There are a lot of dodgy stats and assertions thrown about in this debate. What people don’t realise is that transport planning is a highly technical discipline yet there are people who wouldn’t dream of telling a surgeon or engineer how to do their job but seem to think they are qualified to plan multi-billion pound bits of infrastructure. It defies belief!

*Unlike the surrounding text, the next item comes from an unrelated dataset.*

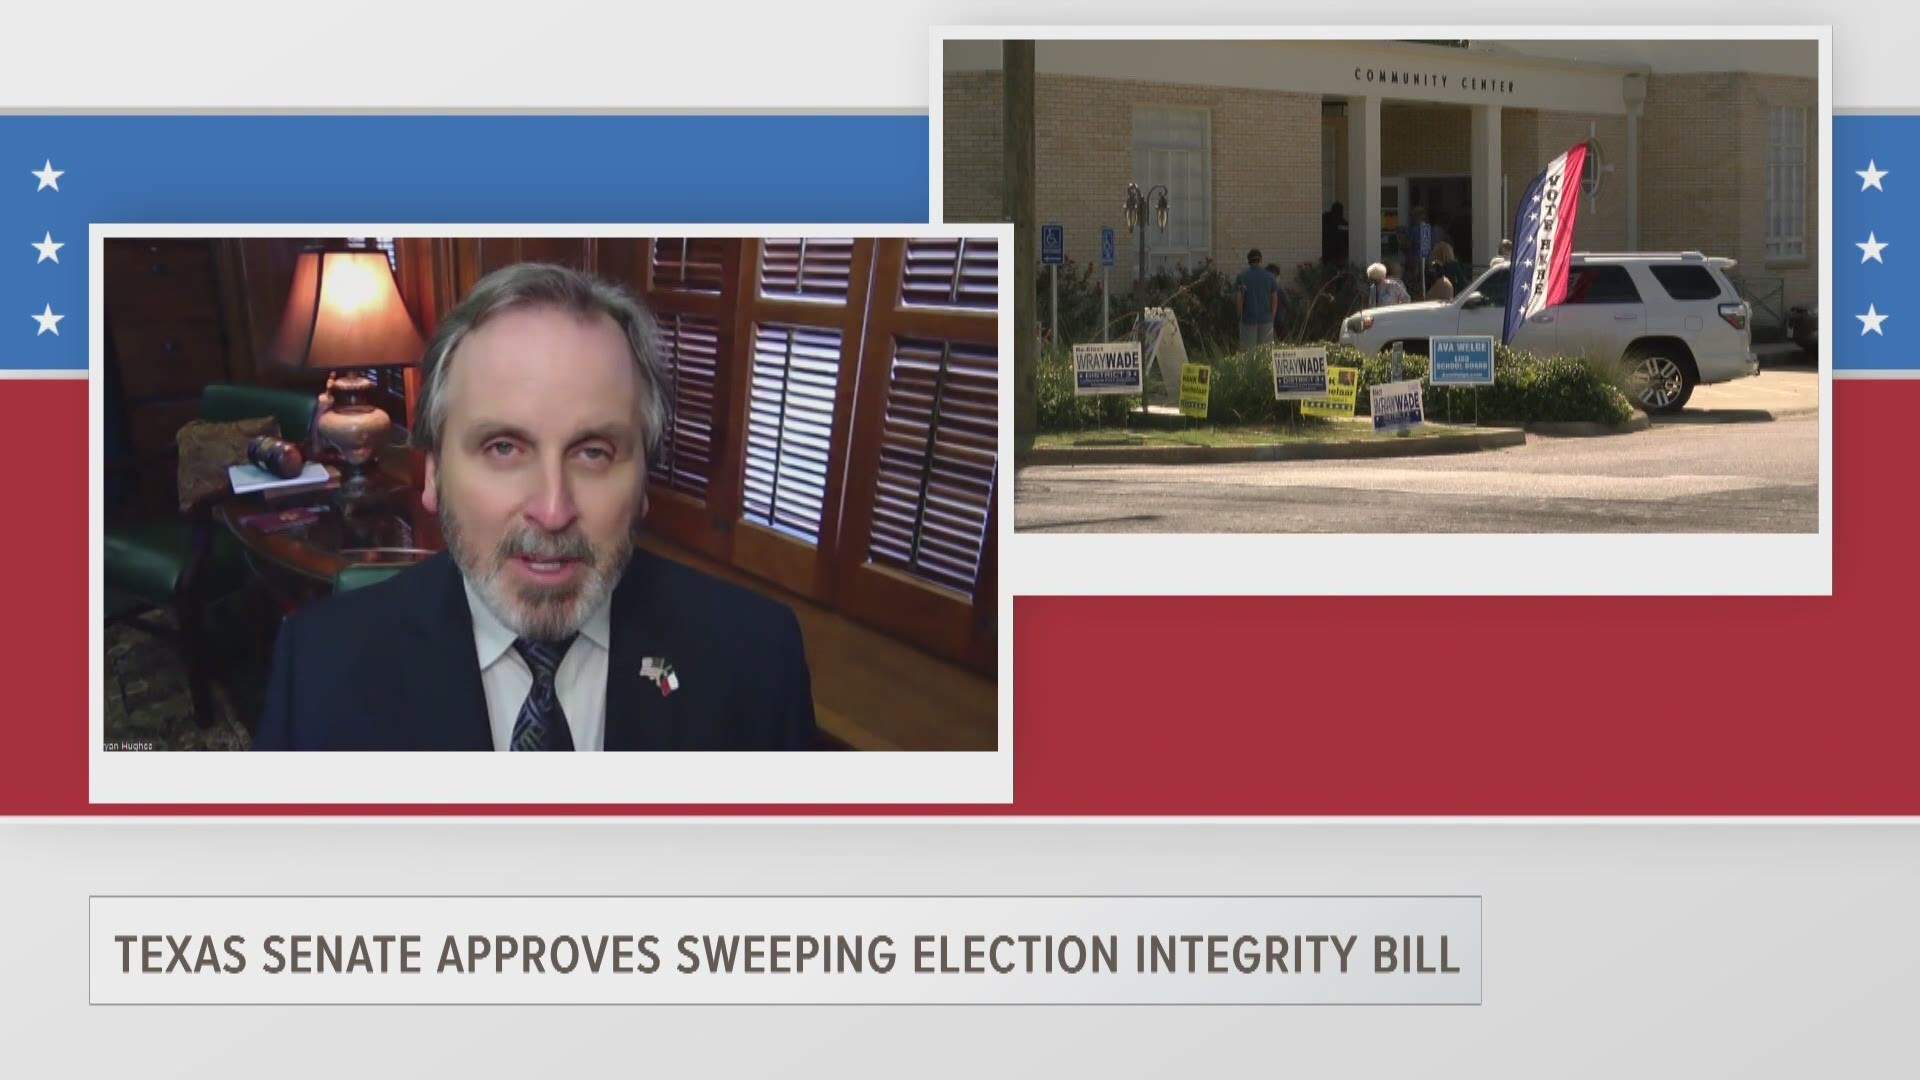 Hughes (R-Mineola) talks about the need for and potential impact of SB7, an election reform bill critics claim would impede minorities' ability to vote

The fact is that plans that we see being formulated are done so on the back of reams of detailed analysis and specialised technical knowledge. There are no options that have not already been thought about and evaluated as part of an options appraisal.

By Mad John Sunday

@Mad John Sunday,
The concept is not detailed engineering. It is also political and have become a complete mess. HS2 was nailed before HS3 (NPR) was a concept. The whole of the northern HS2 and HS3 has to be re-thought-out for them to mesh together. One thing is clear is that the rail in Manchester is a mess and has to be sorted to enable:

1) Fast and seamless HS3 through Manchester;
2) Ease of HS2 access from all major cities – in Liverpool & Manchester’s case via HS2 high-speed track;
3) Excellent urban rail around Manchester giving number of crossrails;
4) Ease of freight access to Liverpool’s port.